It's always amusing to read posts like this. I have a degree in Math / Computer Science and have been working as a software developer since 1979. If I had a dollar for everybody who approached me saying, "Hey, I've got this great idea! If you'd like to partner with me and program it for me, I'll give you have of the profits!", then I'd be pretty rich by now.
The other thing that I get an even bigger chuckle out of is the people who do this and then don't want to describe exactly what they want because they're afraid I'll steal their idea.
At the risk of over-generalizing, programmers come in two flavors: "coders" and "creative innovators".
The "coders" work to pay the rent, put food on the table, and build a stable financial future for themselves and their families. They want a paycheck. They may think your idea is interesting, but don't expect them to jump on board and scream "Show me the money!" to keep you motivated. I would venture to say that 90% of the people you find on oDesk, Freelancer, RentACoder, and similar sites fall into this category. They see their skills as a way to trade time for money, and aren't interested in working for free.
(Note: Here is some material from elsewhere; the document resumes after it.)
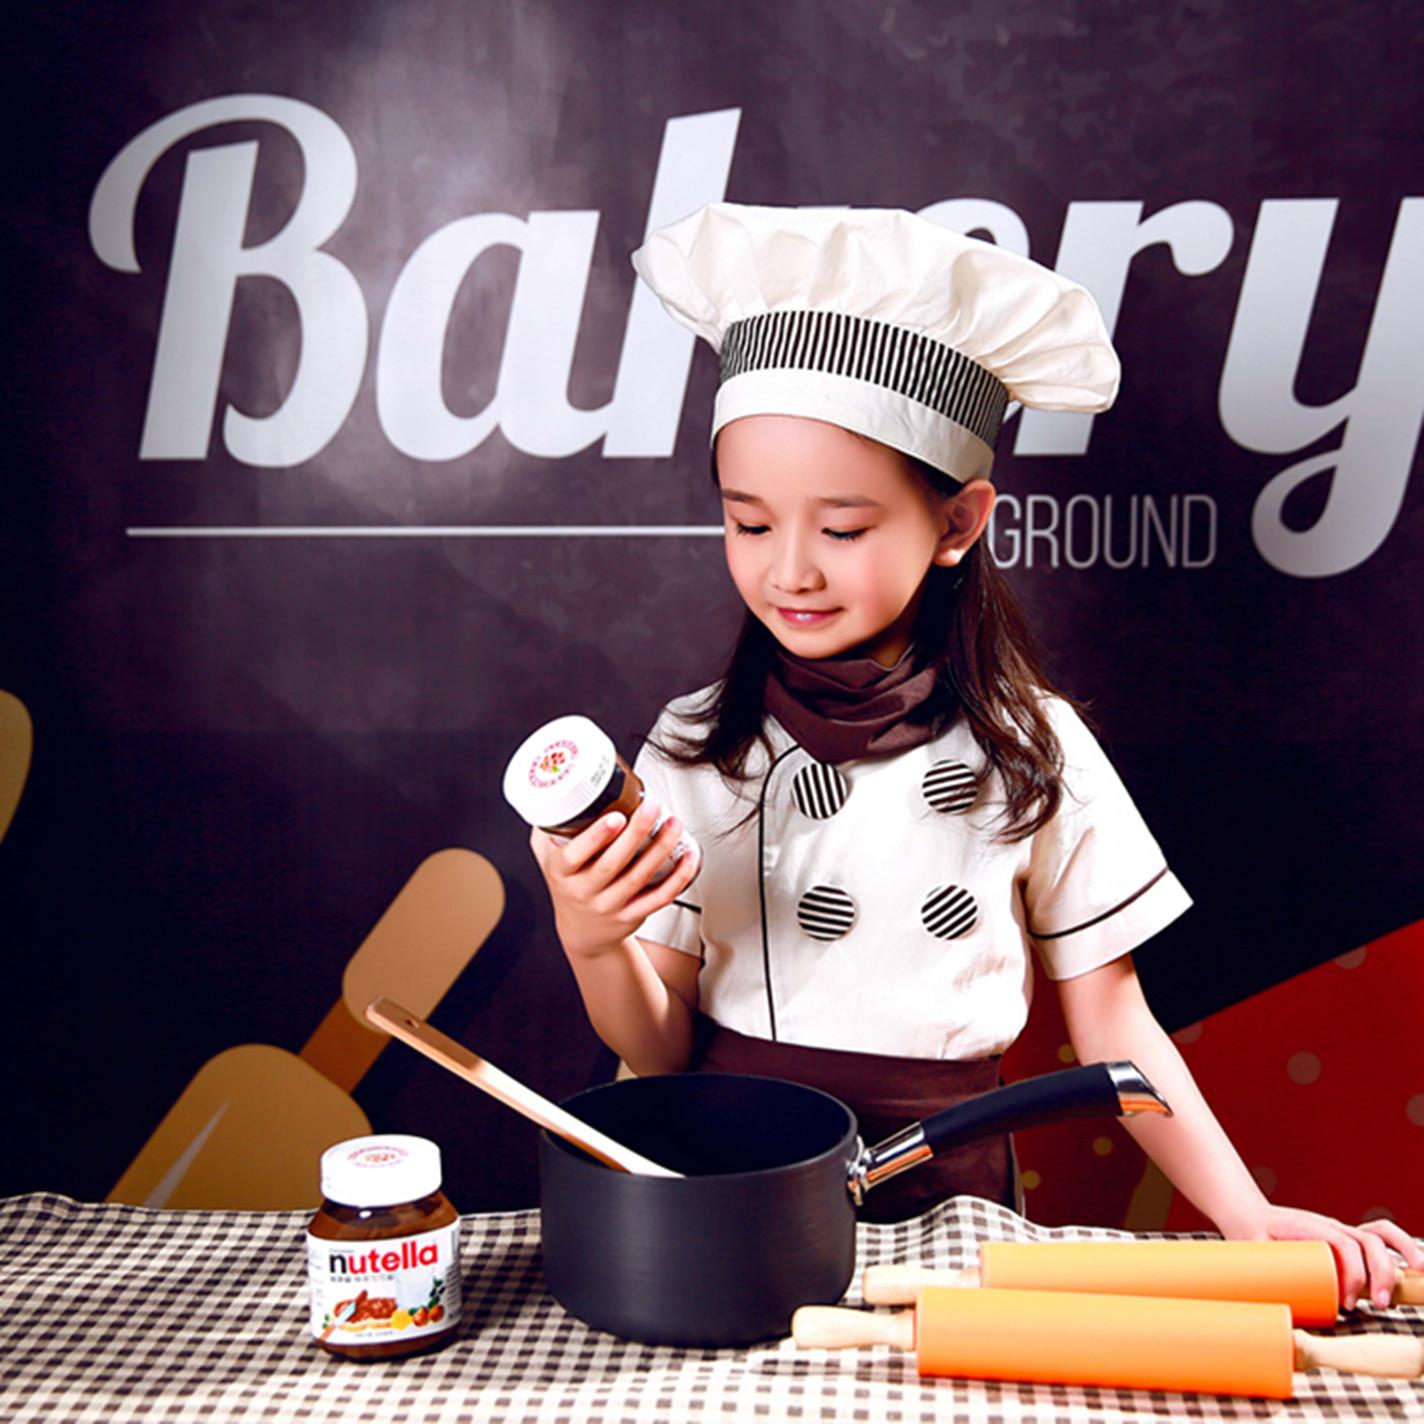 角色扮演简笔画_热卖六一亲子厨师服演出服儿童幼儿小厨师服装cos厨师角色扮演衣服
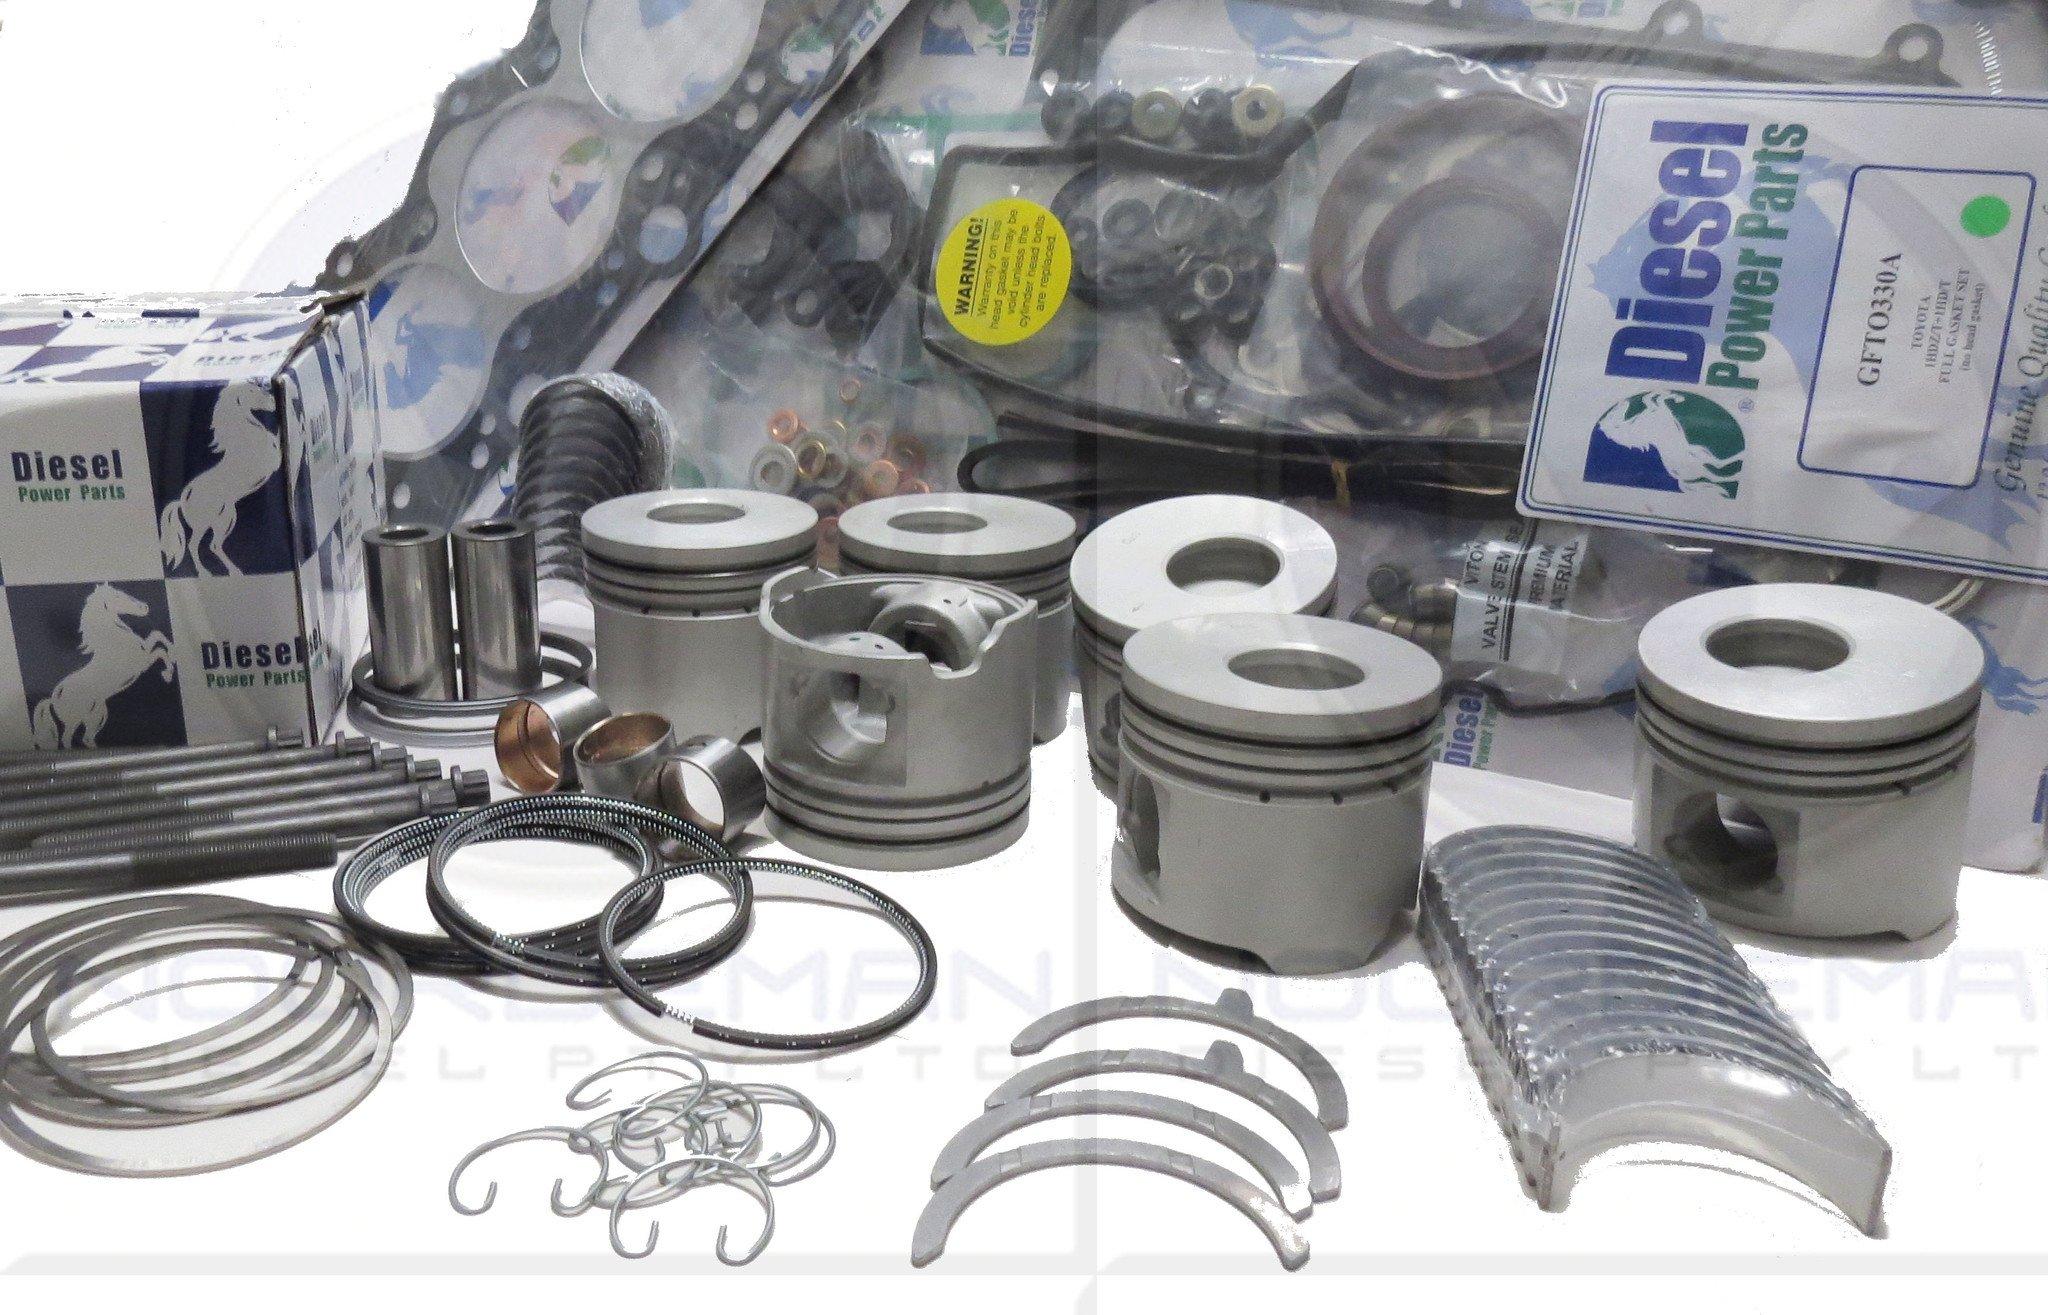 100 SERIES TOYOTA LANDCRUISER 1HDFTE ENGINE REBUILD KIT ERKTO1HDFTEXXX1

They won't steal your ideas simply because they are too risk-averse, and have no stomach for building a business. (Nor do they have the slightest idea where to start.) That said, I'm sad to say that there are unscrupulous outsourcing firms in certain Asian countries that will charge you a pretty penny to build your software, then turn around and tweak it a little and resell it as a "white-label" solution to whomever they can. So be advised ... never give more than 50% of your programming to any single outsourcing company overseas. Split it into two or three pieces in such a way that none of them knows the whole picture and cannot figure it out from the pieces they're given.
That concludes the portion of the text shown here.